### Task input
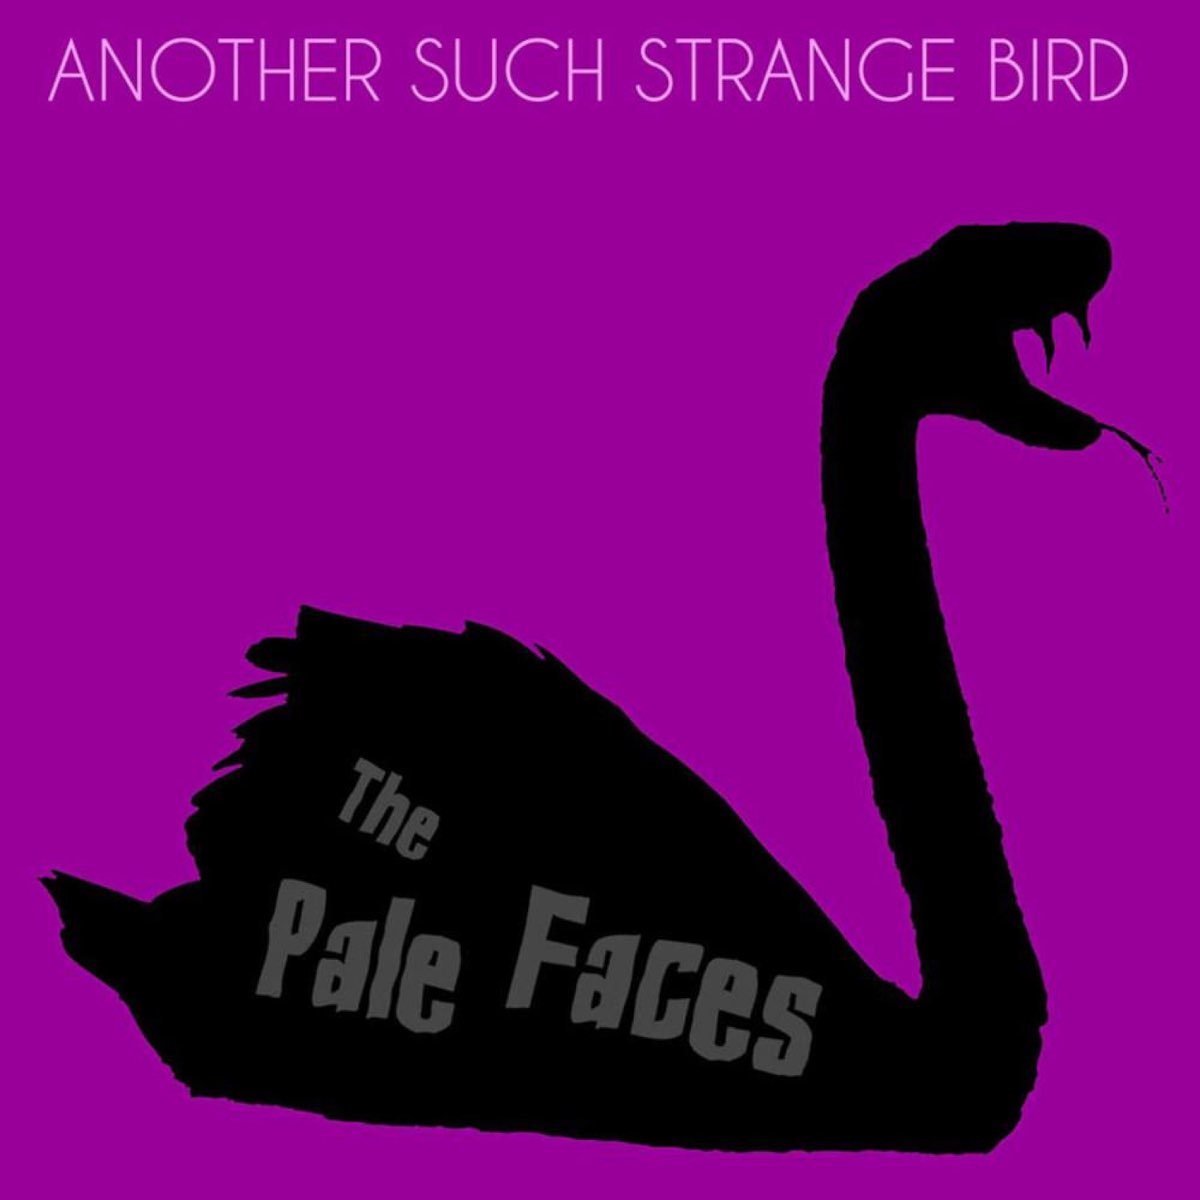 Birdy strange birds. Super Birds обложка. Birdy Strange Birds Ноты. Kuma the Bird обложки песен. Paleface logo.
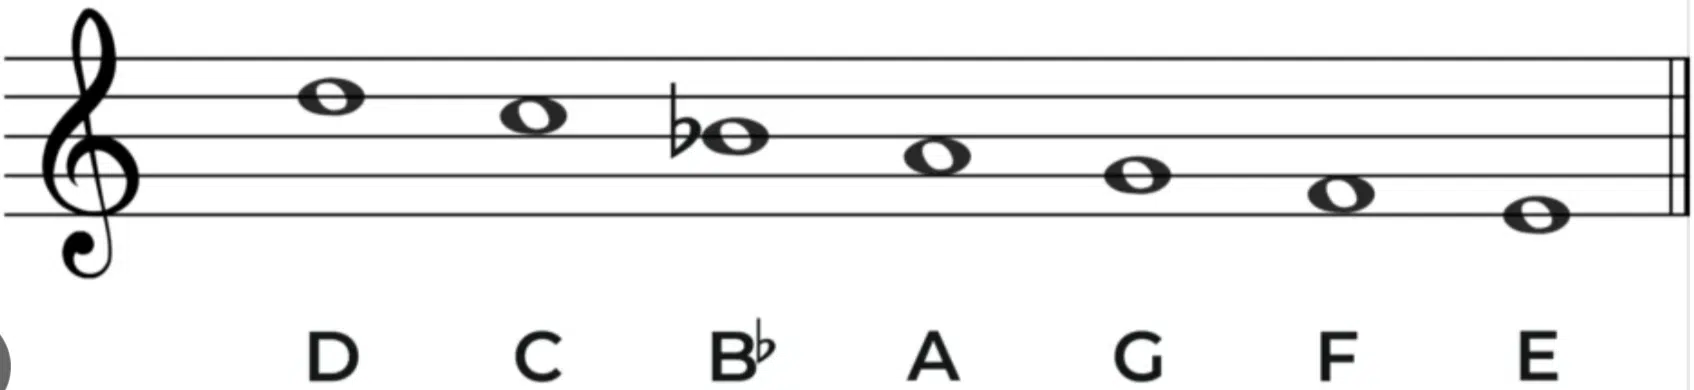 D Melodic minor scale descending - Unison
...
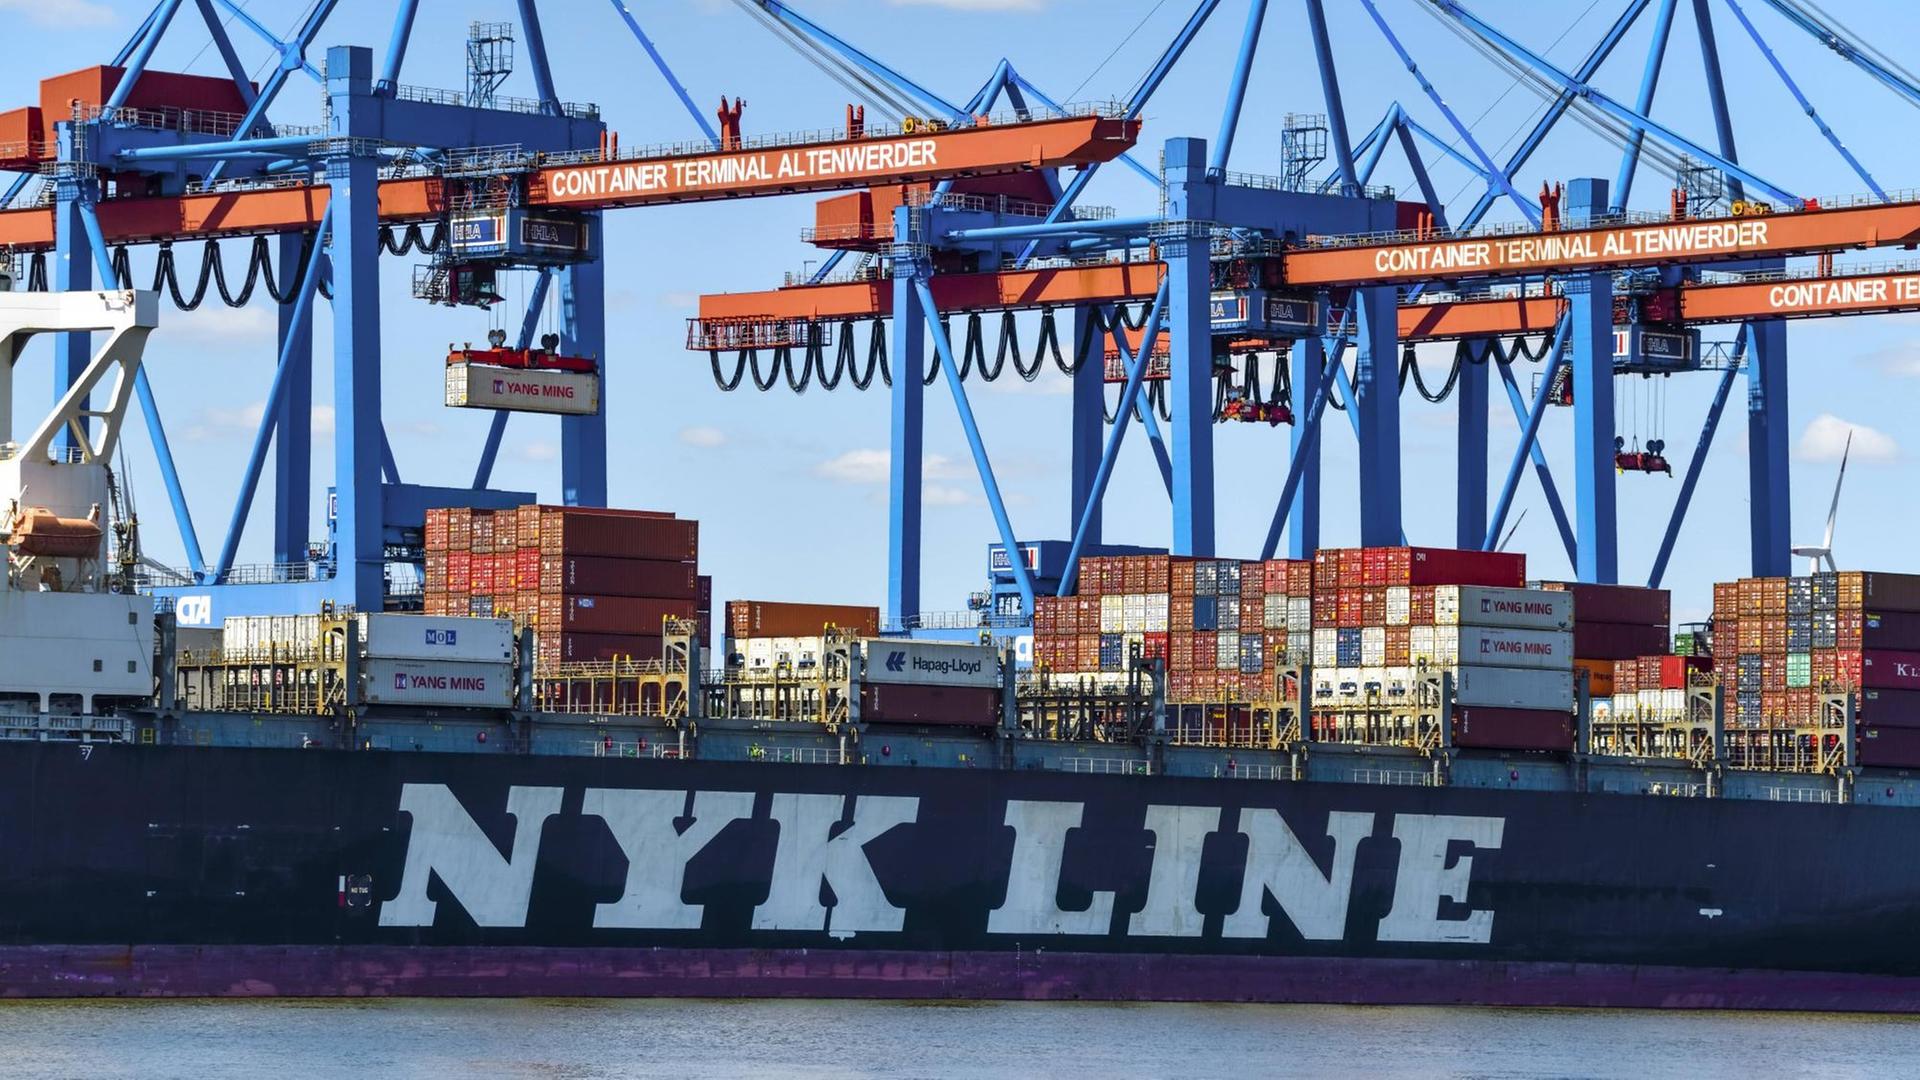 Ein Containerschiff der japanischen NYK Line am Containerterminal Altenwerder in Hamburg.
---
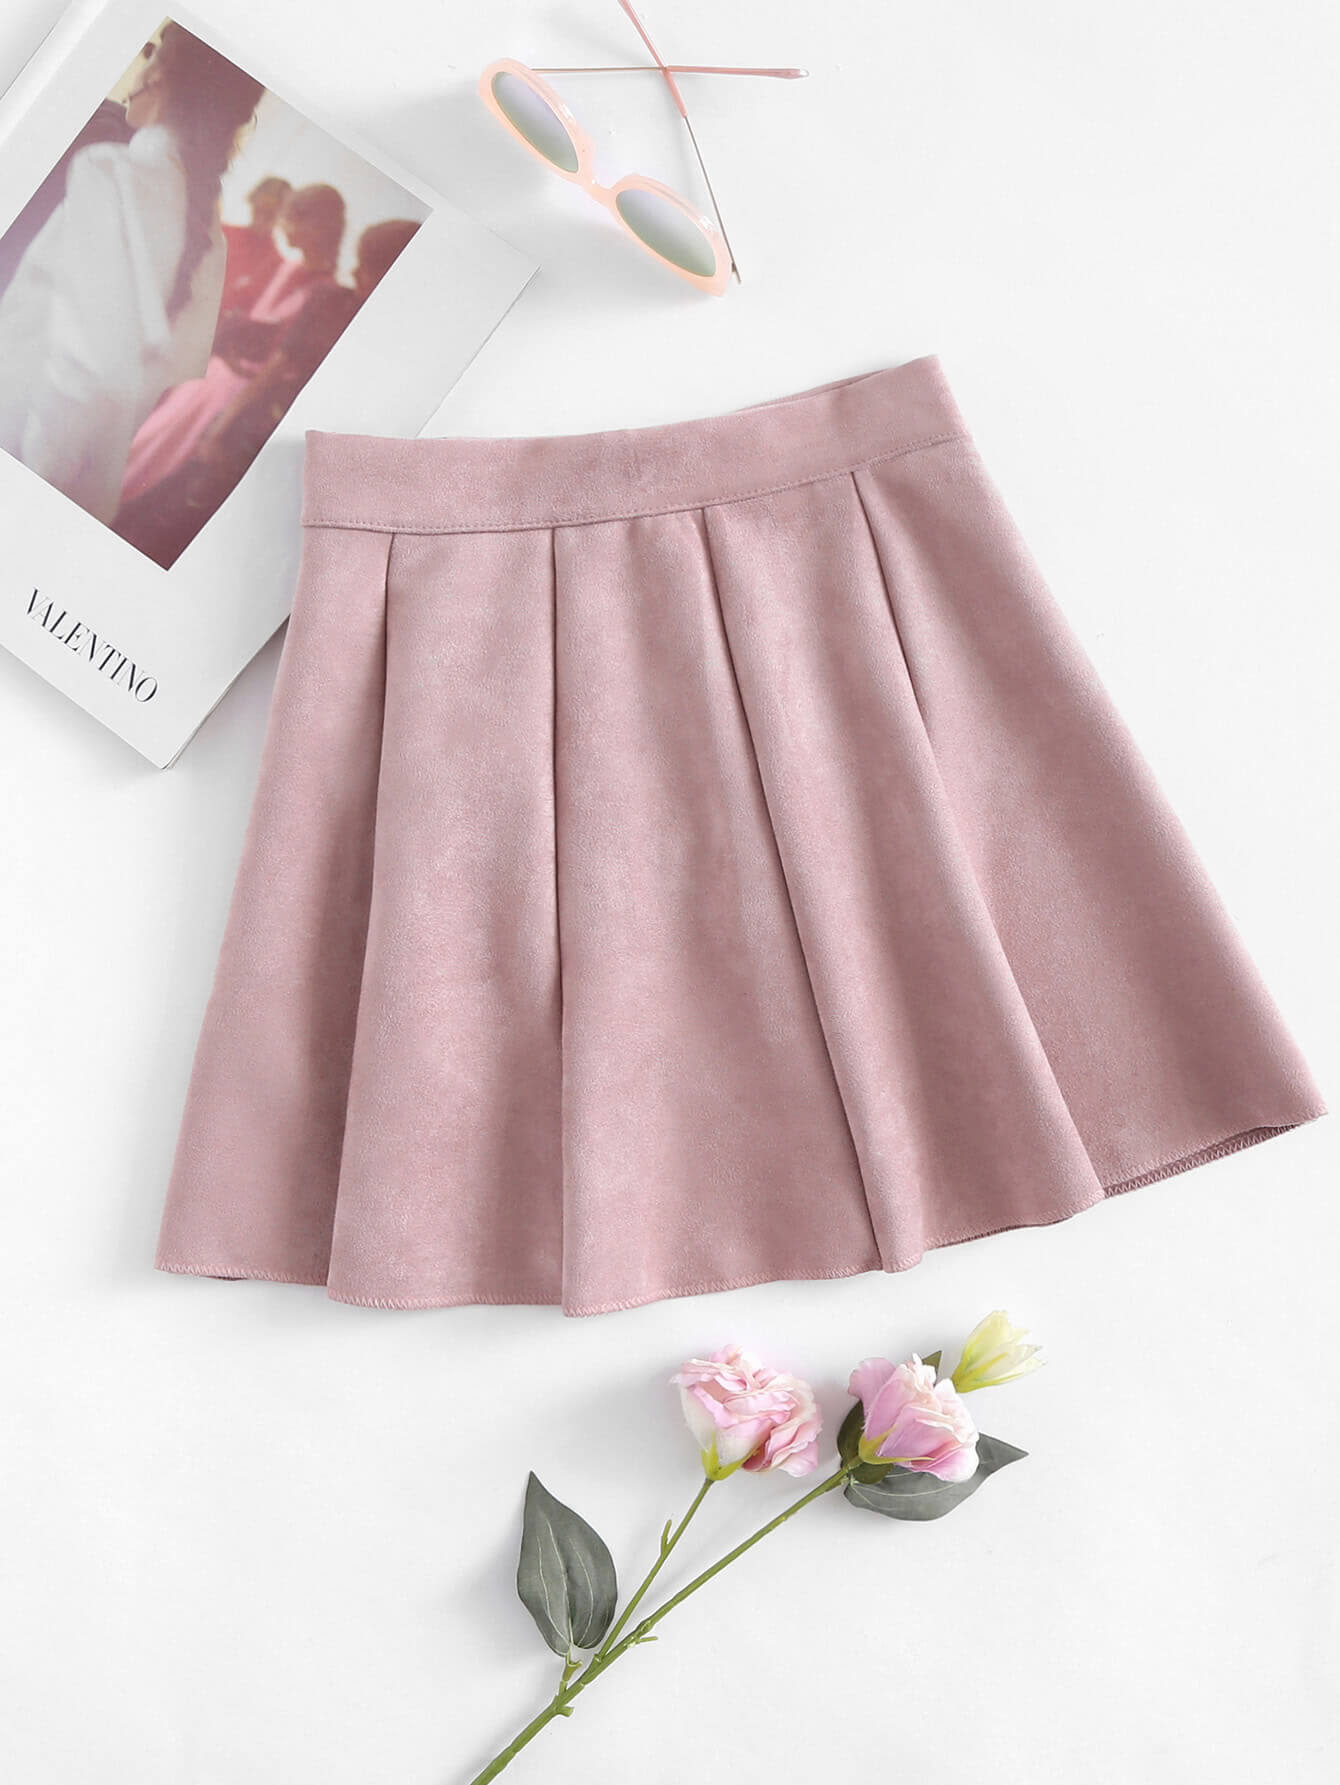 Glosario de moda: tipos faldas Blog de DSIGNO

### What is expected
Using the listing above, restate exactly the range between the lines holding "Birdy strange birds." and "D Melodic minor scale descending - Unison", inclusive, with pictures left out.

### Response box
 Birdy strange birds. Super Birds обложка. Birdy Strange Birds Ноты. Kuma the Bird обложки песен. Paleface logo.
 D Melodic minor scale descending - Unison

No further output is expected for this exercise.